Au premier niveau de l'élévation orientale, l'encadrement de la porte de l'étable est en pierre de taille de grès, avec un linteau droit en bois. Il est accosté de deux jours dont l'un possède également un encadrement en pierre de taille. Au premier niveau de la façade ouest, l'encadrement de la baie boutiquière est également en pierre de taille de grès, bouchardée et à arêtes ciselées, avec un linteau droit monolithe. Les encadrements des fenêtres sont en briques pleines, avec piédroits non harpés et couvrement en plate-bande de briques clavées ; la forme est droite sur la façade ouest, en arc segmentaire côté est. Ces fenêtres, qui disposent d'un appui saillant mouluré en béton, sont équipées de contrevents à persiennes hautes. Au deuxième niveau de la façade orientale, les piédroits de l'encadrement de la baie fenière sont façonnés au mortier et le linteau est constitué d'une poutrelle métallique.
Elévation ouest.
Elévation ouest, premier niveau. Baie boutiquière.
Elévation ouest, second niveau.

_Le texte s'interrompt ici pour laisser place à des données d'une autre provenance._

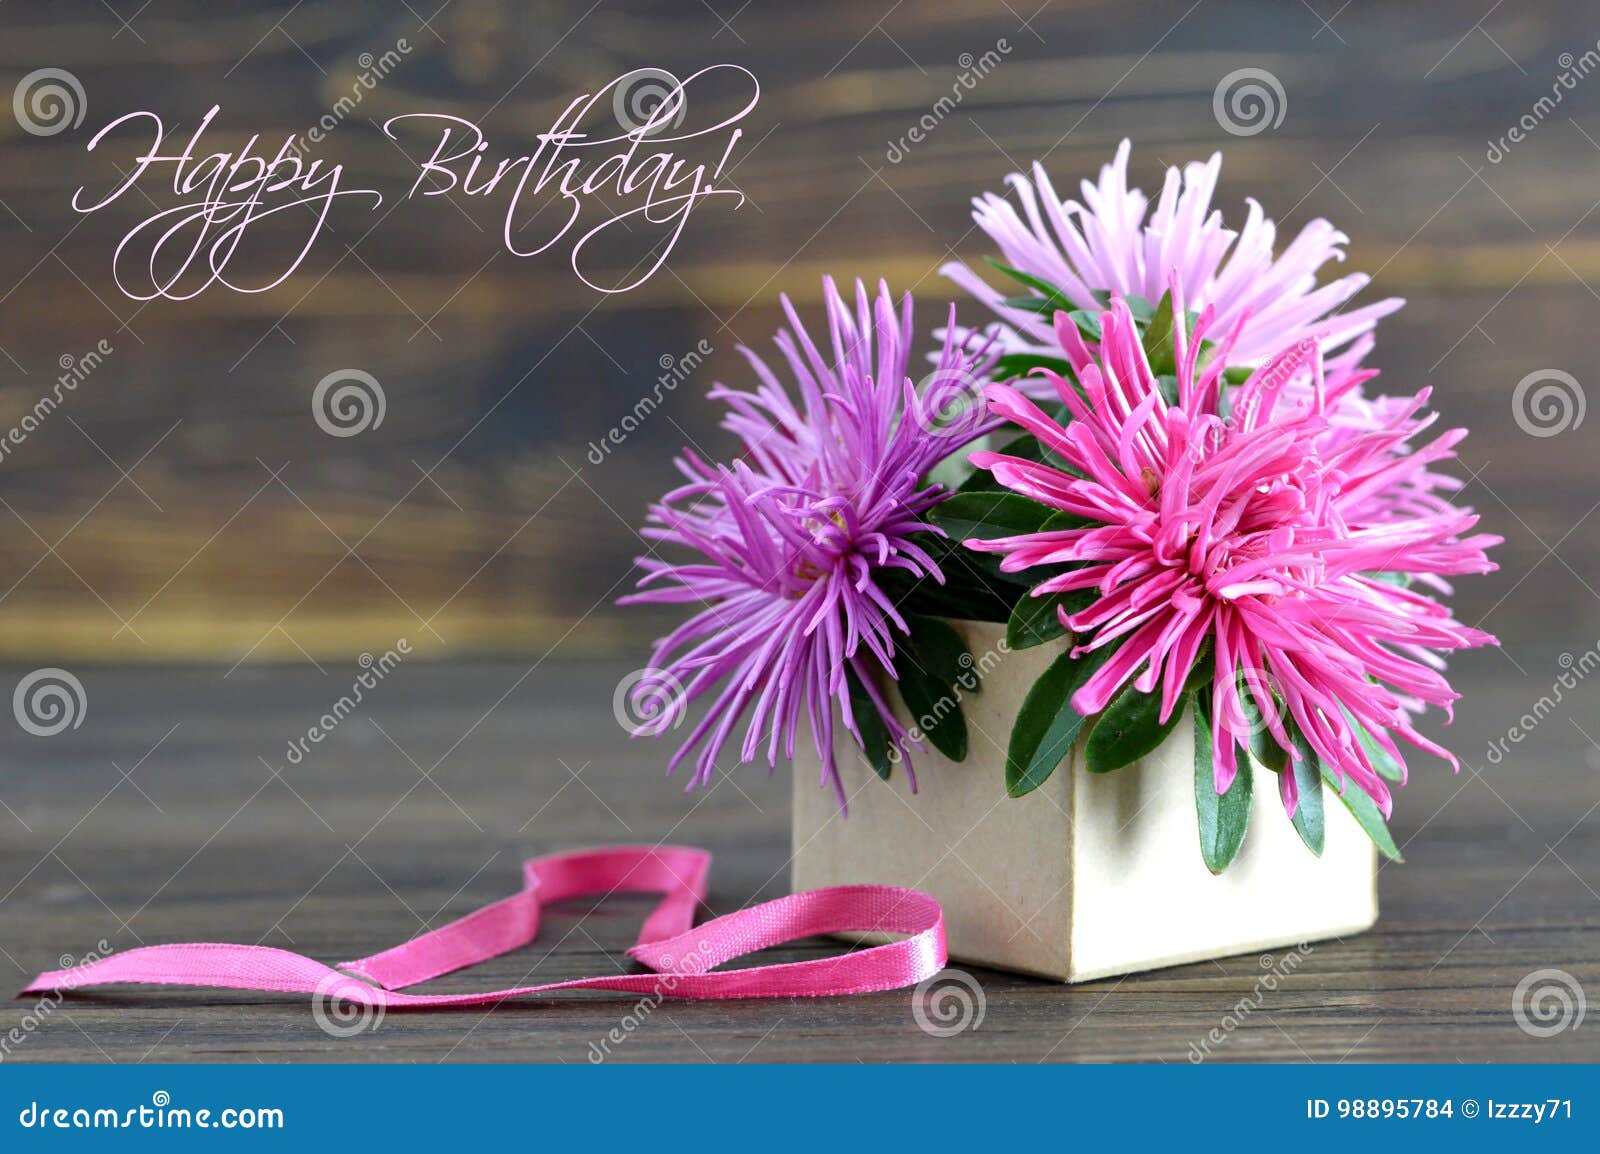 567 Carte De Joyeux Anniversaire Avec Des Fleurs Photos Libres De Droits Et Gratuites De Dreamstime

Fenêtre avec encadrement en brique à plate-bande et appui saillant mouluré en ciment.
Elévation est, premier niveau. Jour de l'étable.
Elévation est, deuxième niveau. Jour du fenil.
Elévation est, troisième niveau. Fenêtre avec encadrement en arc segmentaire et appui saillant mouluré en ciment.
Sur la partie ouest, le toit à est longs pans alors que sur la partie est, il s'agit d'un pan unique adossé. La couverture en plaques ondulées de fibro-ciment supporte des tuiles creuses. Les avant-toits et la saillie de rive du pignon sont constitués de deux rangs de génoise.